Sunday, January 13, 2008

Corporate governance in cricket

The dust, it appears, will not settle on l’affaire SCG, not for the next few weeks at least, unless a decision is made on what Harbhajan Singh actually said, and what it means in different languages, societies and cultures, and to different arbiters, media personnel, bloggers and sundry other parties.

In the meantime, cricket continues in other parts of the world. After the aberration of the first test loss, South Africa pummelled West Indies in the next two to take the series. West Indian supporters would argue that a 2–1 score line is an upset result, and I for one would tend to accept that, especially considering my pre-series post.

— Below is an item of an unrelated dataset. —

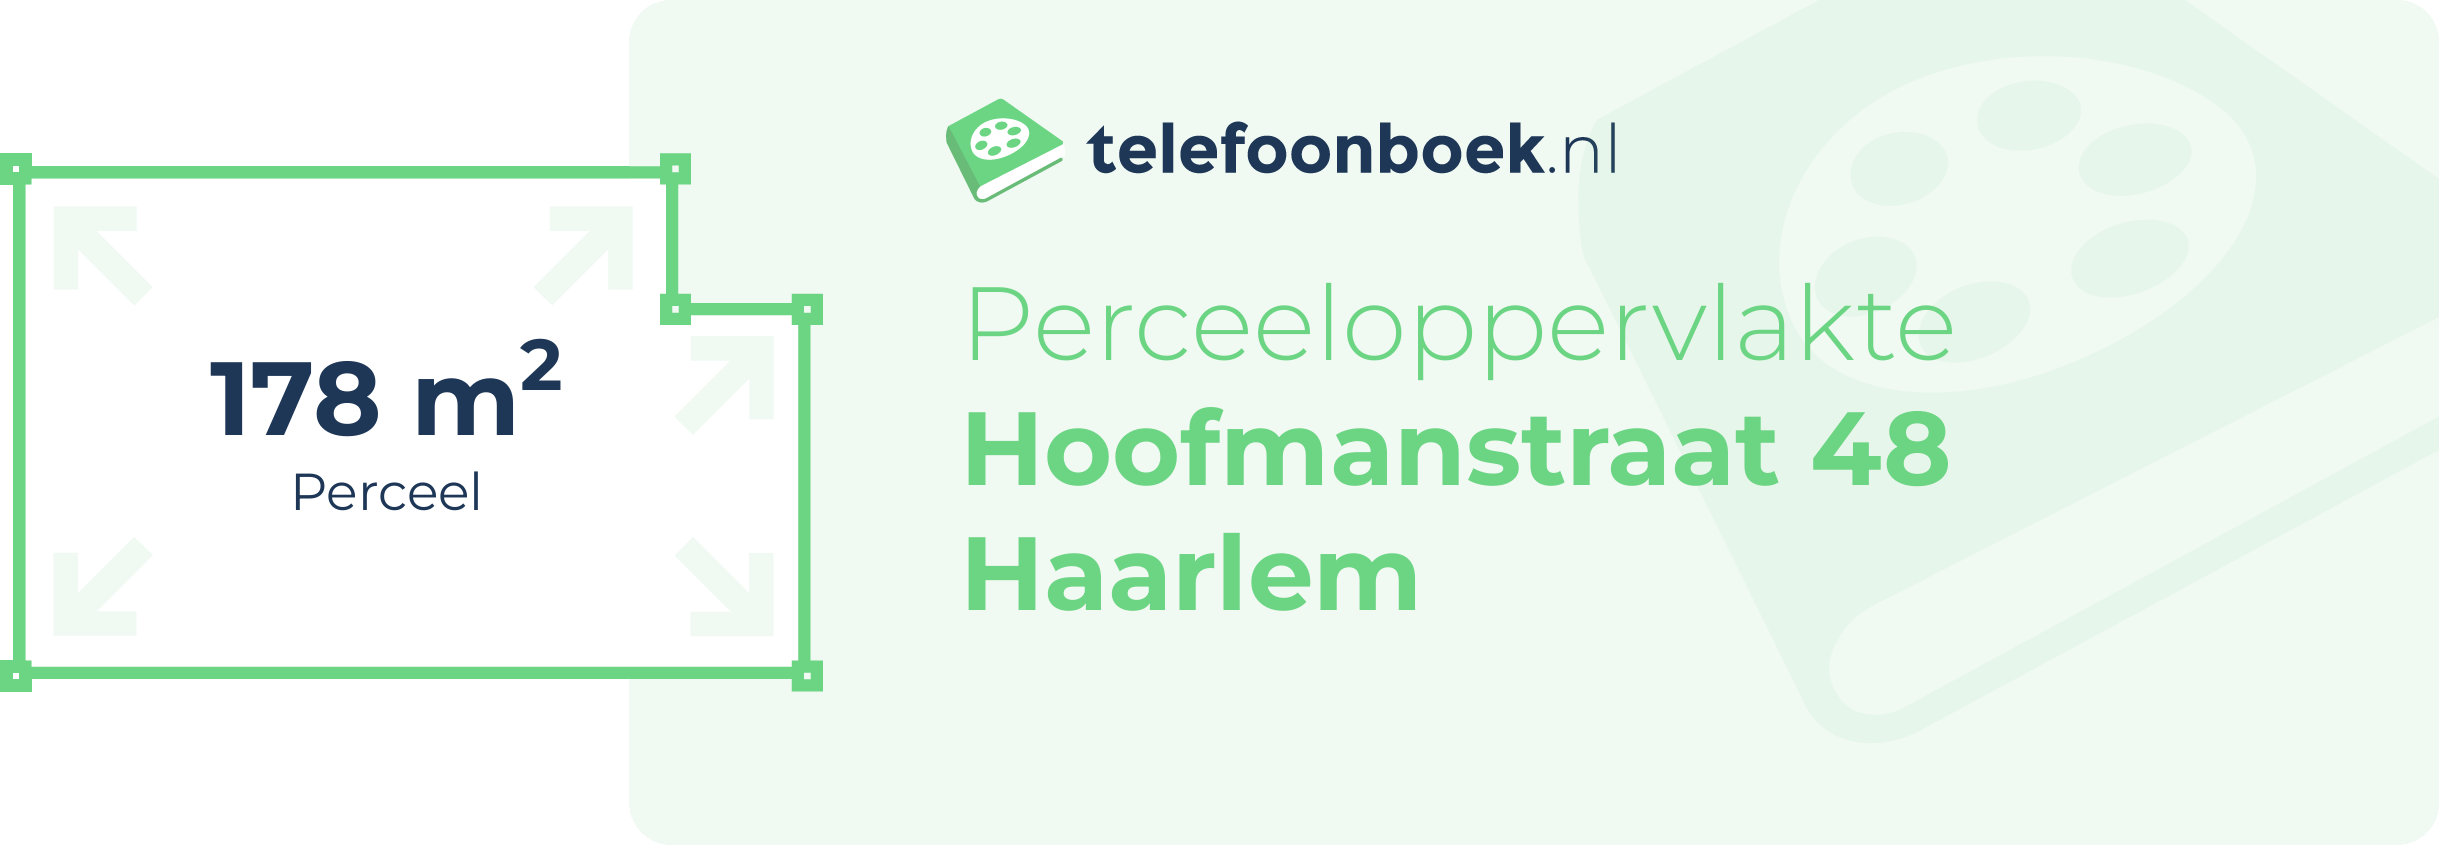 Perceeloppervlakte Hoofmanstraat 48 Haarlem

A noticeable moment came up on the third (and what proved to be the final) day of the third test. After making a fluid if slightly chancy century, Marlon Samuels (who finally looks like shaking off the tag of a “nearly man”) was bowled by Dale Steyn. The delivery was an absolute beauty, pitching on off stump and straightening to beat the bat of a settled batsman. The stumps were rattled and the bowler, cock-a-hoop. But what followed is what I am referring to. Samuels, after the initial disappointment, actually looked towards the bowler and acknowledged the quality of the delivery with a nod of the head and a lift of the thumb.

Is this what critics of Australia and the SCG incidents talk of when they refer to “the spirit of the game”? Is this what they expect to see more of in the game? Is it a realistic expectation?

Would Samuels have done what he did if it was the last day of the test and the West Indies had a realistic chance of saving the game? Would Samuels have done it if two of his colleagues had perished earlier to debatable umpiring decisions? Would Samuels have done that if the South Africans had sledged his team mates through the game, and made a few visibly insane appeals?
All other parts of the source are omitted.